Abstract
Voltage-gated potassium (Kv) channels are involved in many important cellular functions and play pivotal roles in cancer progression. The expression level of Kv2.1 was observed to be higher in the highly metastatic prostate cancer cells (PC-3), specifically in their membrane, than in immortalized prostate cells (WPMY-1 cells) and comparatively less metastatic prostate cancer cells (LNCaP and DU145 cells). However, Kv2.1 expression was significantly decreased when the cells were treated with anti-oxidants, such as N-acetylcysteine or ascorbic acid, implying that the highly expressed Kv2.1 could detect reactive oxygen species (ROS) in malignant prostate cancer cells. In addition, the blockade of Kv2.1 with stromatoxin-1 or siRNA targeting Kv2.1 significantly inhibited the migration of malignant prostate cancer cells. Our results suggested that Kv2.1 plays an important role as a ROS sensor and that it is a promising therapeutic molecular target in metastasis of prostate cancer.

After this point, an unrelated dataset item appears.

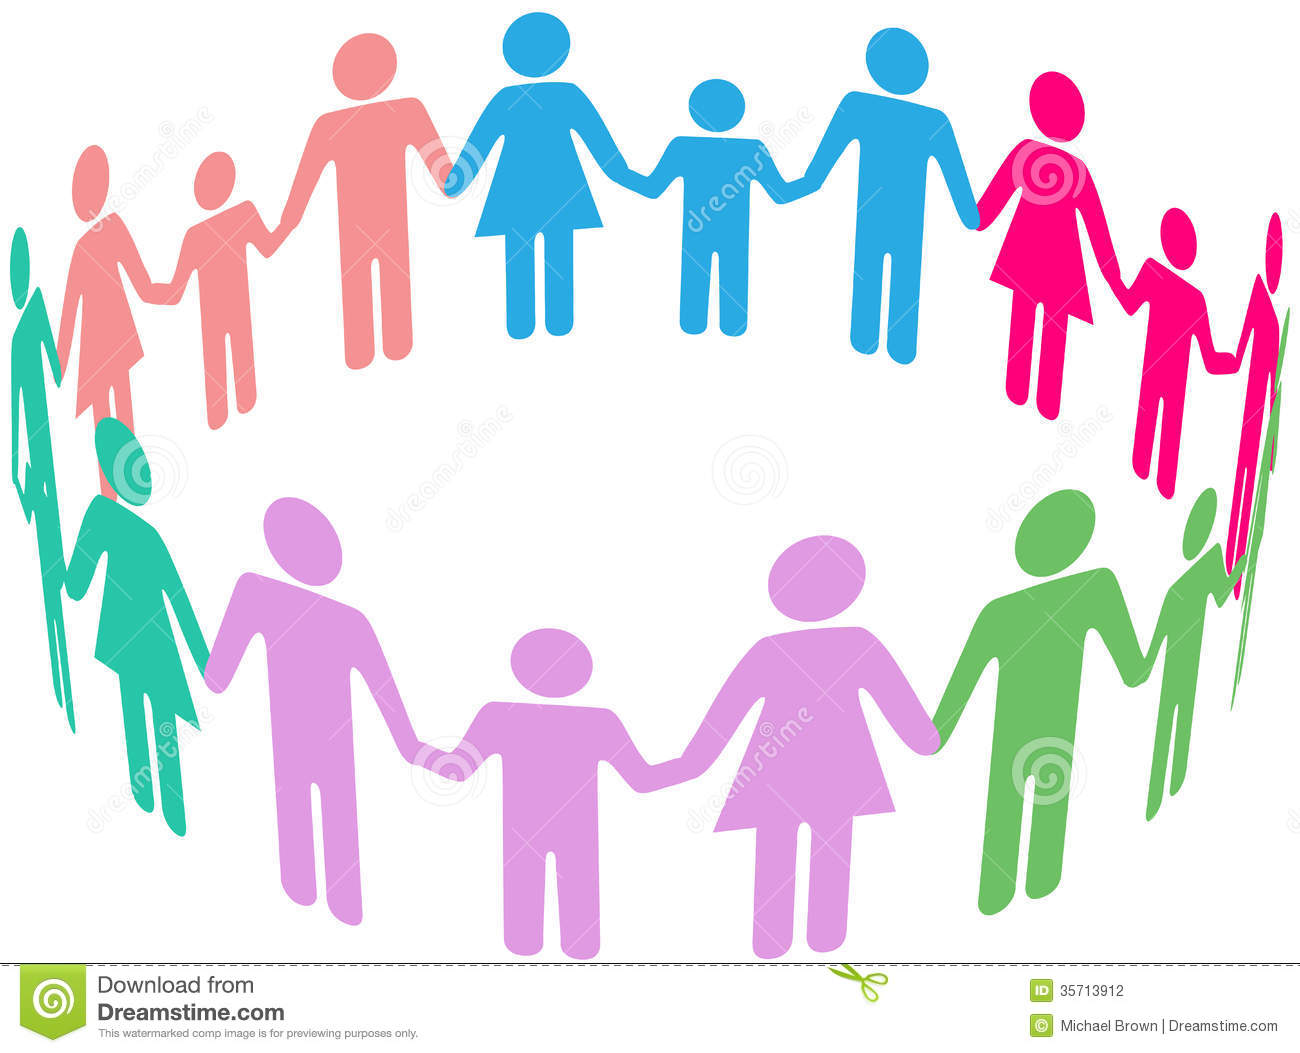 Family Diversity Social Community People Stock Photography   Image

Keywords: Kv channels, Prostate cancer, ROS, Stromatoxin-1
INTRODUCTION
Voltage-gated potassium (Kv) channels are a large group of channels that can conduct potassium ions depending on voltage changes with wide expression in numerous excitable and non-excitable cells (1, 2). Studies have revealed that Kv channels are involved in various cellular functions, such as ion conductance, cell proliferation, apoptosis, migration, invasion, and oxygen sensing (3-5). Kv channels are the crucial mediators of neuronal excitability in neurons (6). Moreover, they control T cell activation and cytokine production in T cells (7) and play a role in the progression and malignancy of cancer cells (8). Recently, it has been demonstrated that the functions of Kv channels are closely correlated with their subcellular localization (9).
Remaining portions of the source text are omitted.